README: Commonly used Bayesian diversification methods lead to biologically meaningful differences in branch-specific rates on empirical phylogenies
Overview
This directory contains the code and analysis used in the paper Martínez-Gómez, Song and Tribble et al. 2023. In short, this study tests whether different Bayesian evolutionary models which, aim to estimate branch specific shifts in diversification rates on a phylogeny, infer similar or different shifts using a set of empirically derived phylogenies. In this study we test five different methods, BAMM, PESTO, MTBD, LSBDS, and ClaDS2. Please see the corresponding publication in Evolution Letter for more details.
This repository contains two main files: Output.tar.gz and CompDiv.tar.gz. The Output.tar.gz file contains the outputs from running each of the five methods investigated in the study. The CompDiv.tar.gz file contains files associated with the analysis of the outputs of Output.tar.gz.
If you have any trouble with any aspect of this Dryad or publication please email Jesús Martínez-Gómez (martinezg.jesus at gmail.com).
A few notes
- Each uncompressed file is quite large please have at least 200GB to comfortably open both files.
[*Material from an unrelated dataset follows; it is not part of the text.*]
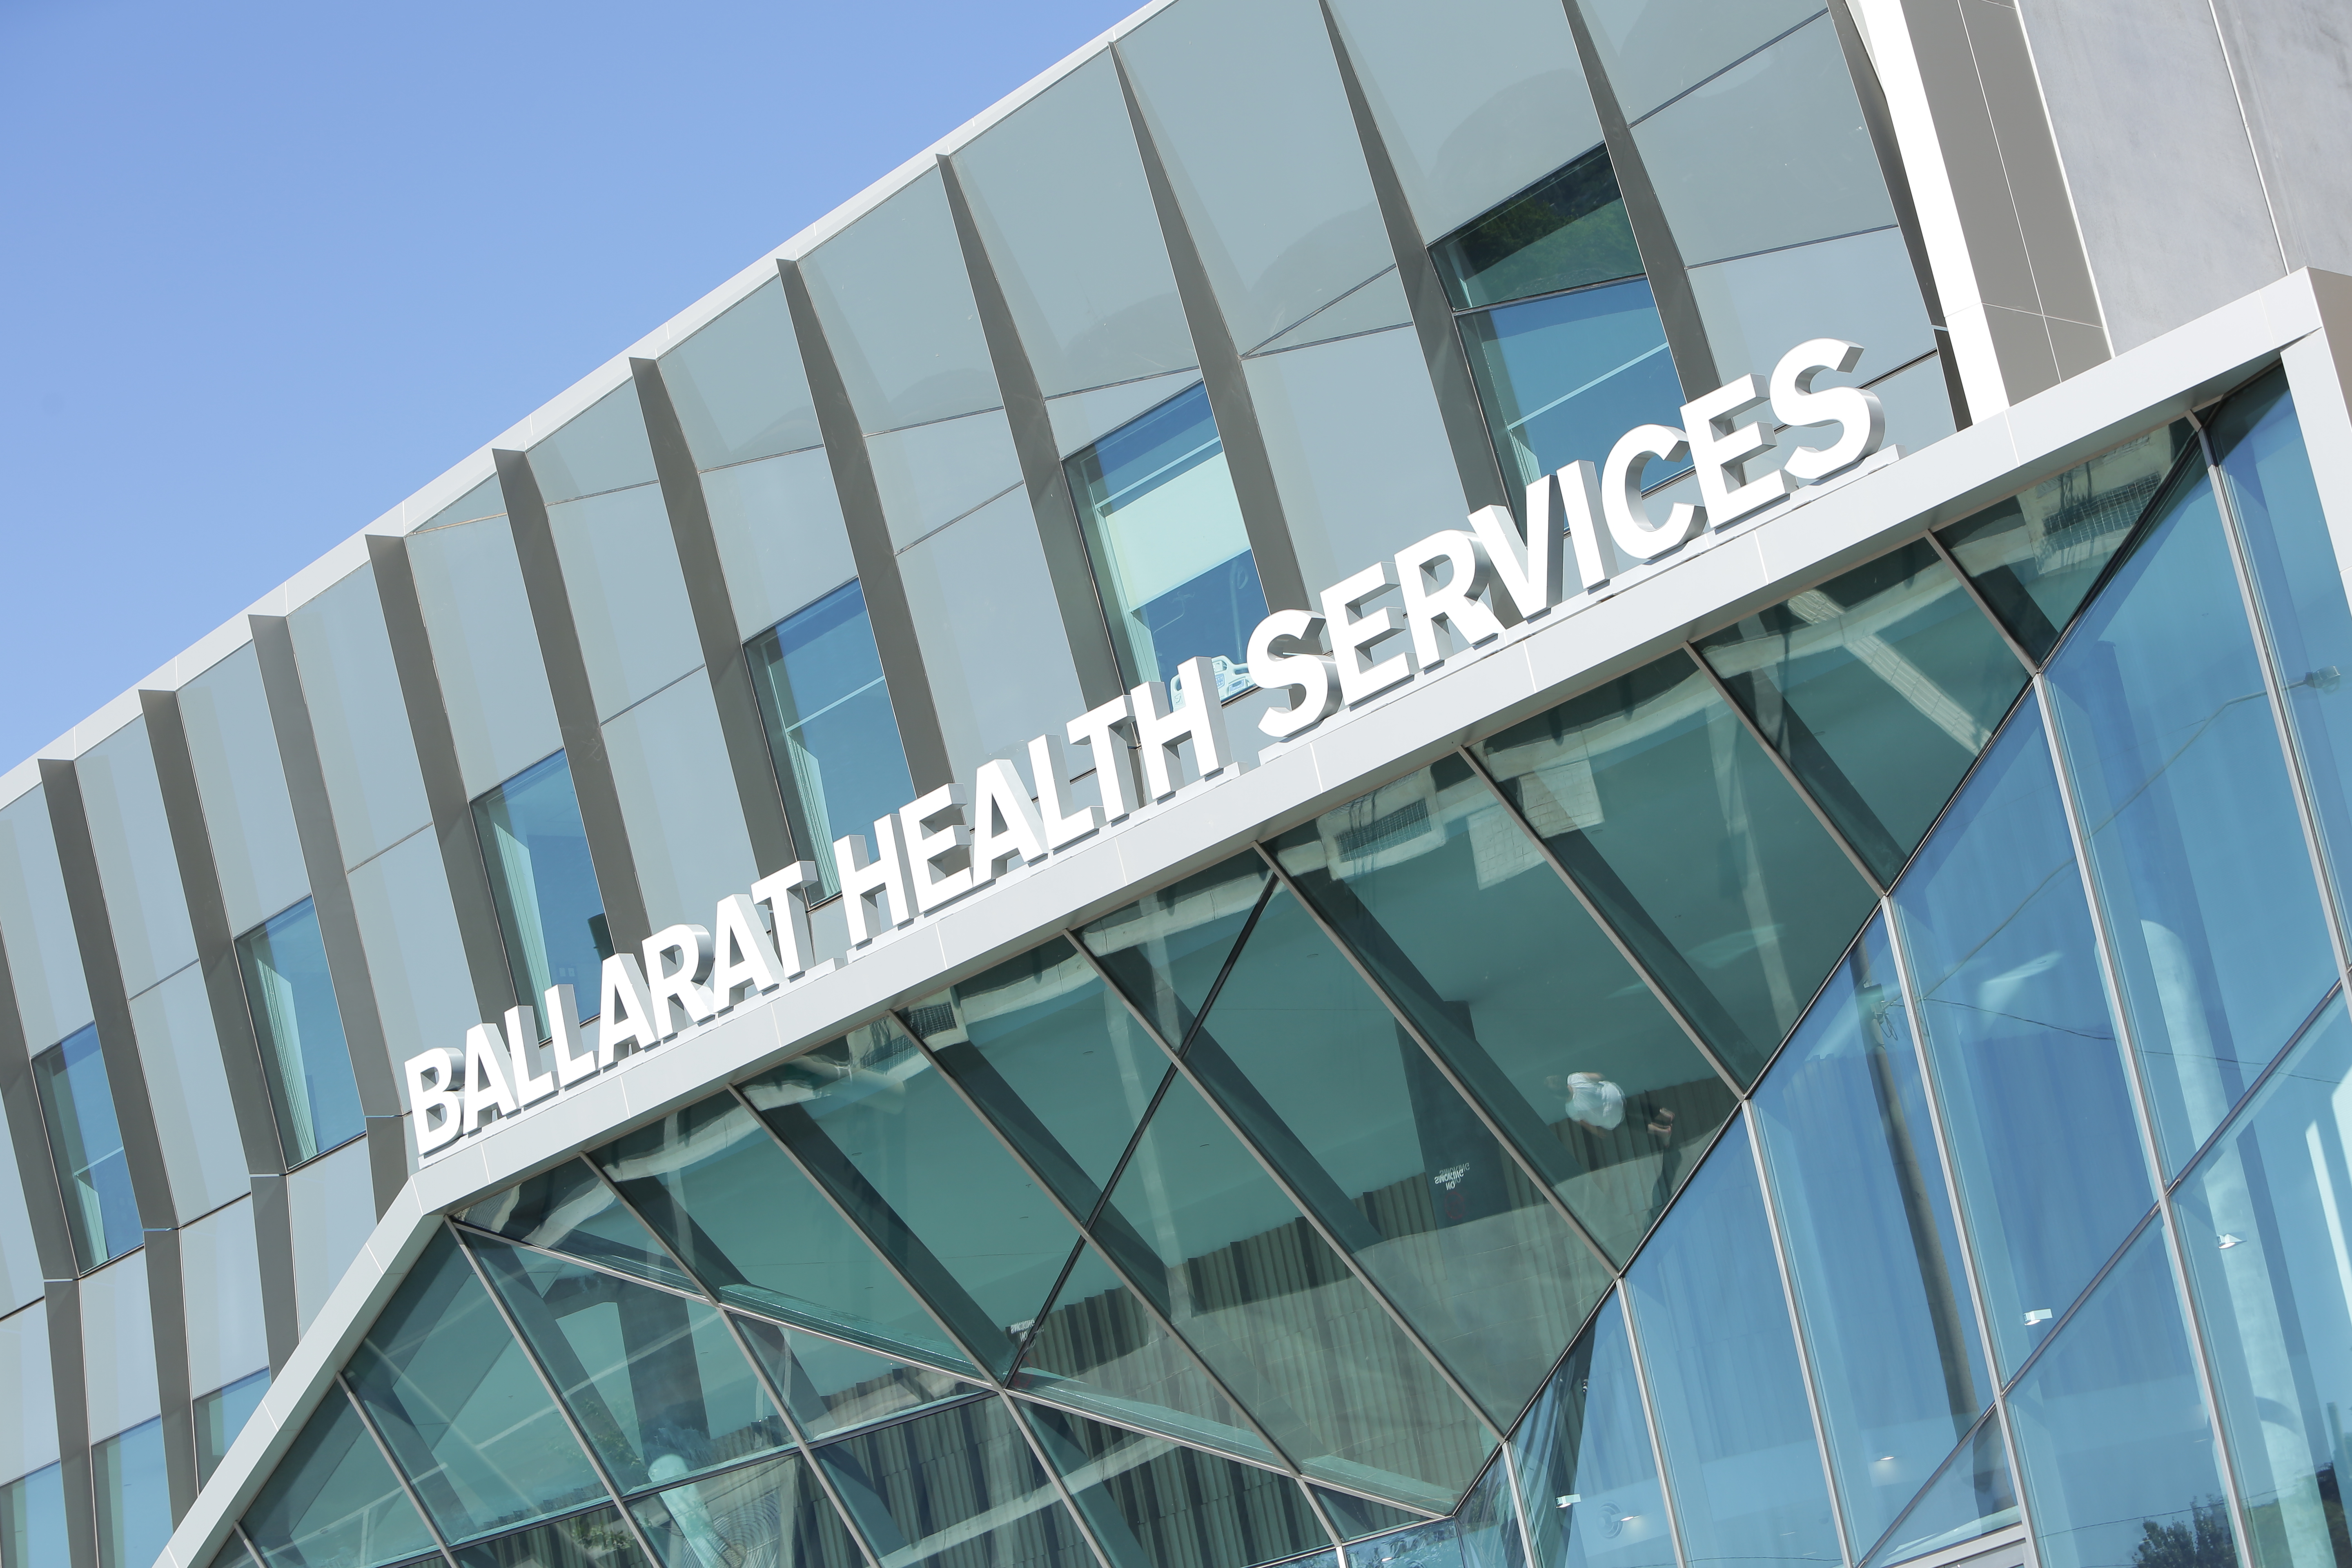 Working at Ballarat Health Service

- Throughout these repository we name of the phylogeny ([Phylogeny_name]) will follow the naming convention, first letter of first authors last name, followed by year of publication. This convention is from Heno Diaz et al. 2019. See Table S1 for a key that will provide the corresponding taxonomic group and publication reference. The two exception to this naming convention are the phylogenies name "Sample_Primates" and "Samples_Whale". These two dataset often used as the example phylogeny in tutorials of these models. The corresponding reference for these phylogenies are both listed Table S1.
- Due to licensing the phylogeny files themselves have not been included in this Dryad. You can find the phylogenies at the following github repository.
- A number of the scripts used in this analysis been rewritten into functions to help user compare these analysis on there own. Specifically code associated with Markov chain Monte Carlo (MCMC) analysis (e.g., taking burnin), calculating summary statistics and plotting rates on trees. A tutorial with further explanation of those function can be found on github/Jesusthebotanist/CompDiv_processing_and_plotting
1. Individual method output
Output.tar.gz: This folders contains the the output of the analysis (i.e., ClaD2, LSBDS, MTBD, BAMM, PESTO). Each folder corresponds to a phylogeny directory (see note above on naming). Within each folder there will be a set of subdirectories corresponding to each method. To understand the output of each method we recommend you consult the respective method publication/ online resource, we've linked them below for your convenience. While most output files are common file types (e.g., .txt., .csv, .tsv), there are two file types of notes, .log and .tree files. LSBDS and MTBD both produce .log files. These are tab-delimited files that record the the iterations of a MCMC. While they can be opened in a spreadsheet program (e.g., Microsoft Excel, Google Sheet) it is more useful to analyze them in free program Tracer. Lastly, MSBD will produce a [Phylogeny_name]_default.rates.trees file. This file type stores phylogenies in either Newick format or Nexus format, and can generally be viewed with the free program such as Icytree or FigTree. However, in this case we do not recommend this, please see the description of the file type below. Proceeding the methods-specific reference is the description of the structure of Output.tar.gz.
- BAMM
- MTBD
- ClaDS2
- LSBDS
- PESTO
- PESTO Program Website
- Has yet to be published
/[Phylogeny_name]
/[Phylogeny_name]/BAMM_[Phylogeny_name]:
This folder contains the following
- output - Contains the BAMM output files. See BAMM website for more information
- run_info.txt - This file contains the run information on BAMM run.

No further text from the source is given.